Wednesday, January 23, 2008

Pacific Hydro Wind Farm Generates Tourist Dollars in Australia

In come the milling crowd

Pure white blades sigh as they slice through the air, momentarily interrupting rays of sun, before gracefully completing another mesmerising cycle.

It is another windy day on the top of Albany's coastal cliffs in Western Australia, where 12 modern wind turbines provide 65 per cent of the electricity to the town below, and cut annual greenhouse emissions by 77,000 tonnes.

A surprising addition to the scenery is a group of tourists who have just disembarked from their coach, cameras at the ready.
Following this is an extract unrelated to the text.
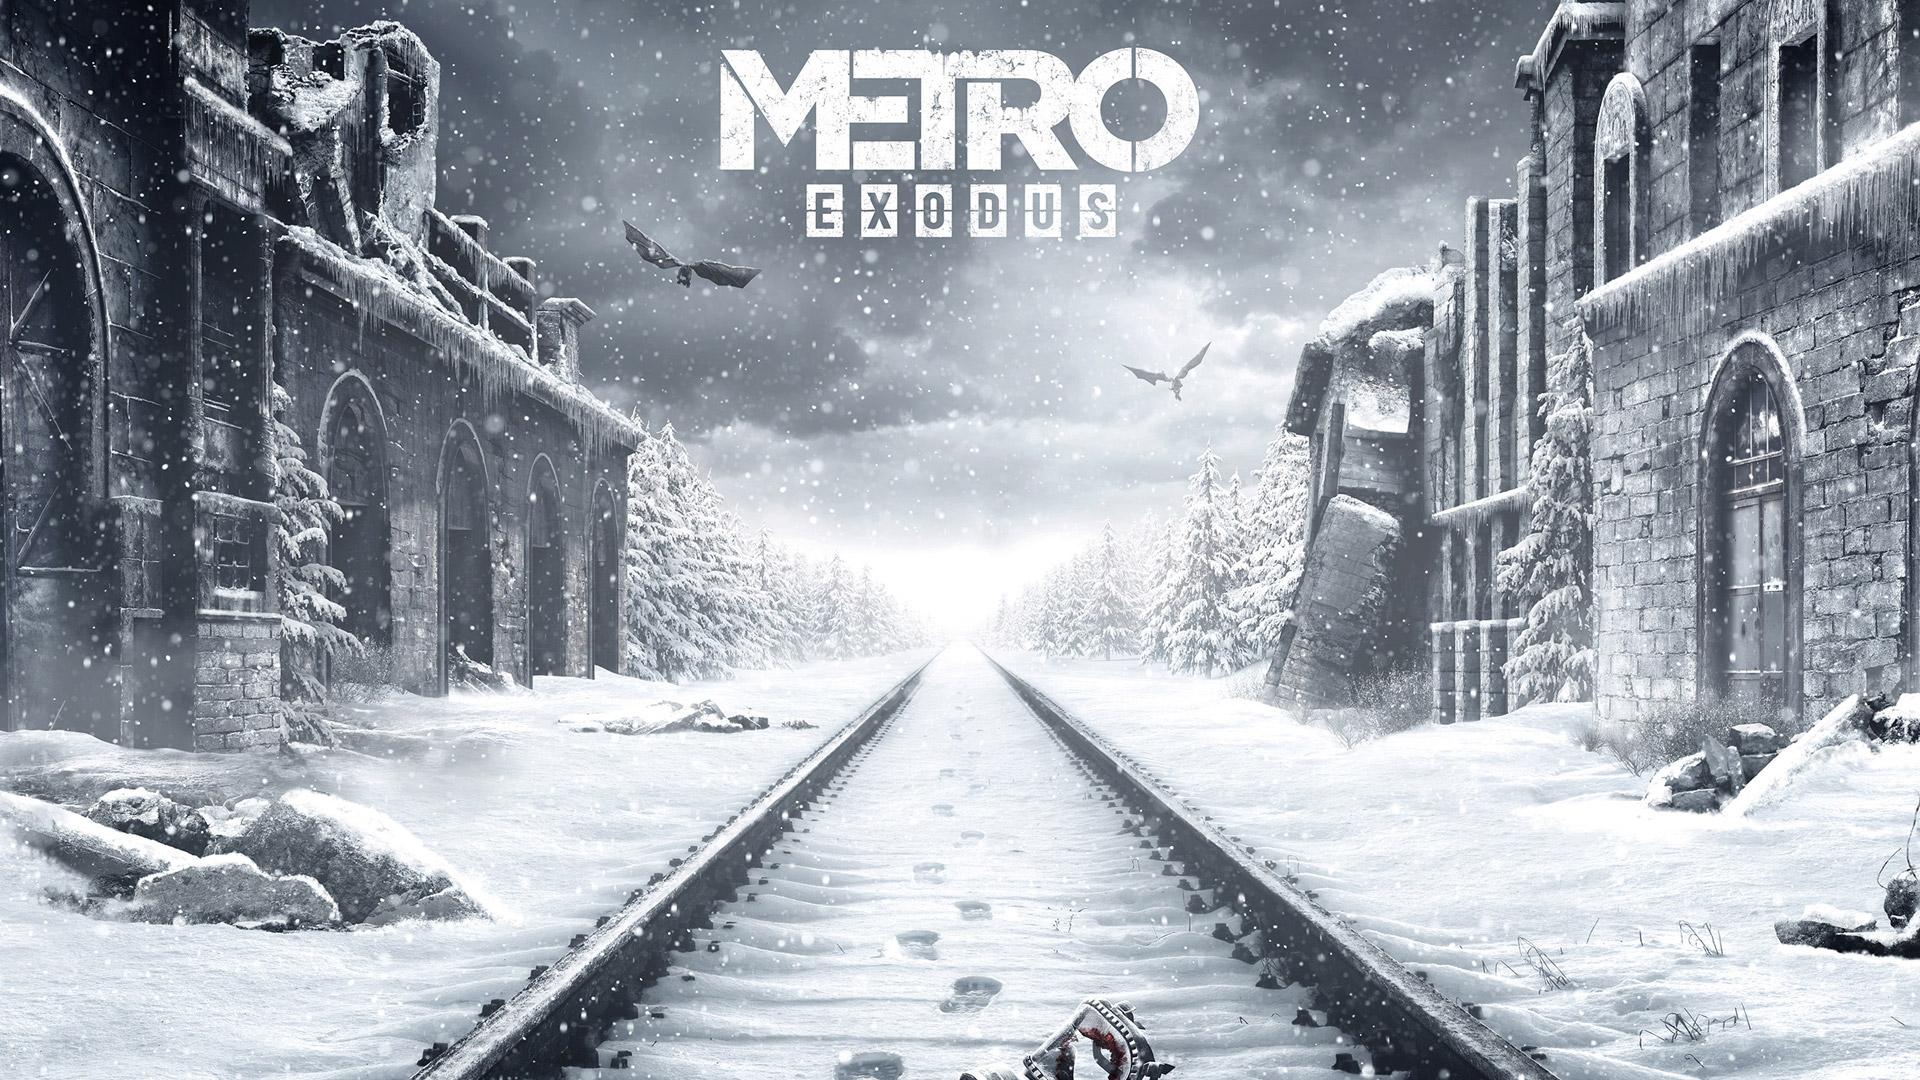 Free Metro Exodus Wallpaper in 1920x1080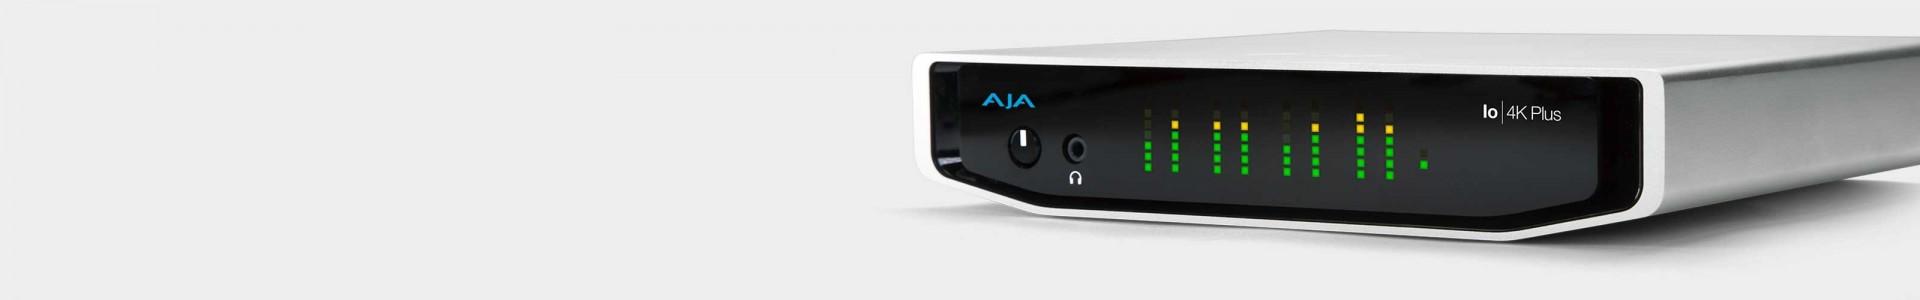 Dispositivi esterni di cattura di video professionali - Avacab

But they are not here for the whales. It is the wind farm they have come to see.

The novelty of the white windmill forests is something that is attracting curious visitors in droves. At a time when climate change and renewable energy are concerns, it is not hard to understand why there is an interest.

The tourism industry has speedily caught on. Wind farms are marketed as must-see attractions where visitors can witness the production of renewable energy and learn about wind technology.

Most wind farms in Australia cater for tourists, providing viewing platforms and information booths. The wind farm in Albany has been operating since 2001 and has a network of paths around the base of the turbines, with boards with stories and facts.

Jon Berry, the manager of economic development at Albany Council, said the turbines had enhanced the value of the area.

"The combination of the wind farm and a spectacular coastal setting has made it the most popular tourist destination in Albany," he said.

"I think people also see them as symbols that we're doing something for the environment. [Visitors] are quite awe-inspired about the pure size of the machinery towering above them, and with blades the size of a Boeing 747 wing coming towards you it's a real 'wow' experience."

The Australian Wind Energy Association says it is the role wind farms play in reducing greenhouse gases that makes them more appealing than other forms of development.

It was this interest in green initiatives that convinced Tim Brady of Port Fairy, Victoria, that there was a market for wind-farm tours. Codrington farm, near Port Fairy, has been in Brady's wife's family since 1856, but in 2001 it gained 14 wind turbines and became Australia's largest (at the time), and Victoria's first, wind farm. An open day for the public in 2001 showed just how much interest there was.

"Thousands of people showed up. We were bowled over by the amount of people who came out to the country to have a look," Brady said.